Sunday, July 30, 2006

ODOR is a four letter word!

Recently, Environmental News Network ran a story titled, Northeast Missouri Becomes Latest Battleground over Hog Farms. The article quotes Mr. Dick Lawler, as saying that he won't surrender Mark Twain Lake, a recreation and drinking water resource for 21 comunities in northeast Missouri, to a hog farm proposed nearby. He is leading the fight to stop what he calls a "declared war on our lake" by corporate interests. He fears contamination, odor and loss of the community's quality of life.

Northeast Missouri is one of the nation's latest flashpoints over corporate hog farms as agribusiness giants aggressively market opportunities to farmers looking to hold on. Cargill says that it wants to sign up 30 farmers a year in northern Missouri, western Illinois and southern Iowa to raise company-owned hogs closer to Cargill processing plants in Ottumwa, Iowa and Beardstown, IL. Each slaughters 18,000 hogs a day.

What Cargill hadn't counted on in its business plan was the resistance from northern Missouri. More than a dozen Missouri Counties have passed, and others are considering, health ordinances that control for odor and particulates, and require bonds, fees and annual inspections. The article quotes Cargill spokesman, Mark Klein, "We've not seen anything like what we've seen here, this domino effect of counties establishing de facto moratoriums." Marlin McCormick, who runs a grain elevator in Monroe City said that "Odor is a four letter word in this part of the county..." In Marion County, plans for a 7,490 hog farm collapsed under pressure of opposition from the Village of Emerson (population 60), when the producer withdrew his permit application.

Wednesday, July 19, 2006

Another Landfill, Barton Co., MO

If it looks like a skunk, if it smells like a skunk, if it behaves like a skunk, it is probably a skunk. When a group of investors, calls themselves Environmental Recovery Group, LLC of Liberal, MO (ERG), the name conjures up a group of conscientious environmentalist. Guess again. The group has filed an application to build a 36.8 acre landfill on a 193 acre site, 1.5 miles northwest of Mindenmines, MO.and 1 mile north of US Highway 160, adjacent to the Missouri-Kansas state line in Barton Co., MO. They want to fill up an old strip pit with sanitary landfill. The Joplin Globe, Monday, July 17, 2006 reported on the application.The article quotes Dennis Wilson as a spokesman for the group. He is also a longtime member of the Barton County Commission.

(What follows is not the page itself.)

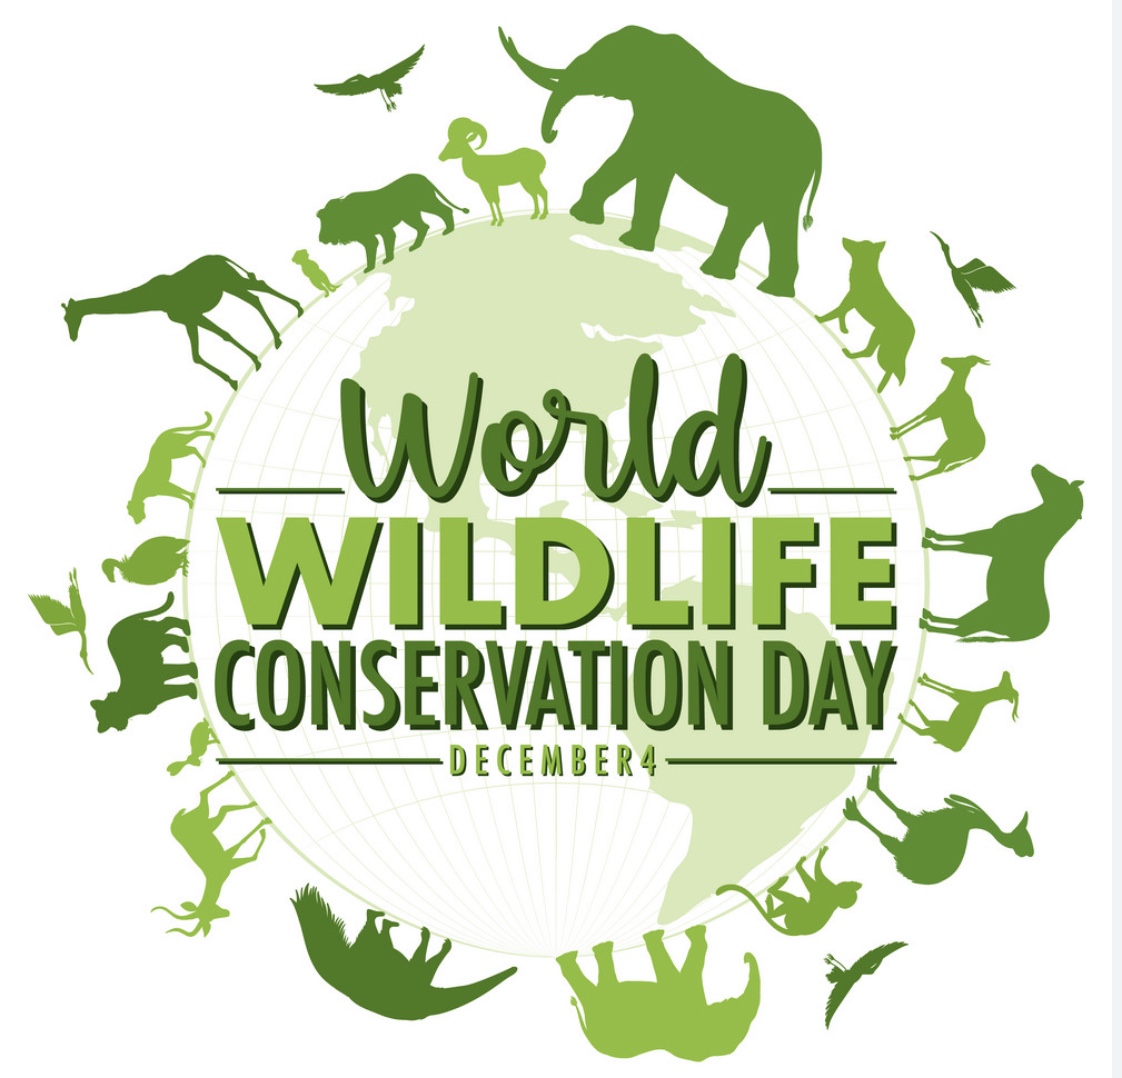 Happy #WildlifeConservationDay! Today is a day to reflect on how we can care for the amazing creatures we share our planet with. #ConnectWithNature #LoveOurPlanet 🐘 🌲🐅

The Missouri Department of Natural Resources (MDNR) Status of Solid Waste Permit Applications indicates ERG Mindenmines Pre - Public Participiation. Will likely hold hearing on draft permit. Follow-up to pre-application meeting held 09/28/05. Application anticipated in 2005. The MDNR site hasn't been updated since November 21, 2005. The application proposes disposing of 1,000 tons of waste in the landfill per day, and estimates an opeating life of 8.5 years.

Wednesday, July 05, 2006

Water pollution + Odor = Doing Business in Missouri

May Belle Osborne of Neosho, MO. shared her perspecive of the Missouri Department of Natural Resources (MDNR) in a recent Letter to the Editor, The Joplin Independent. The title says it all!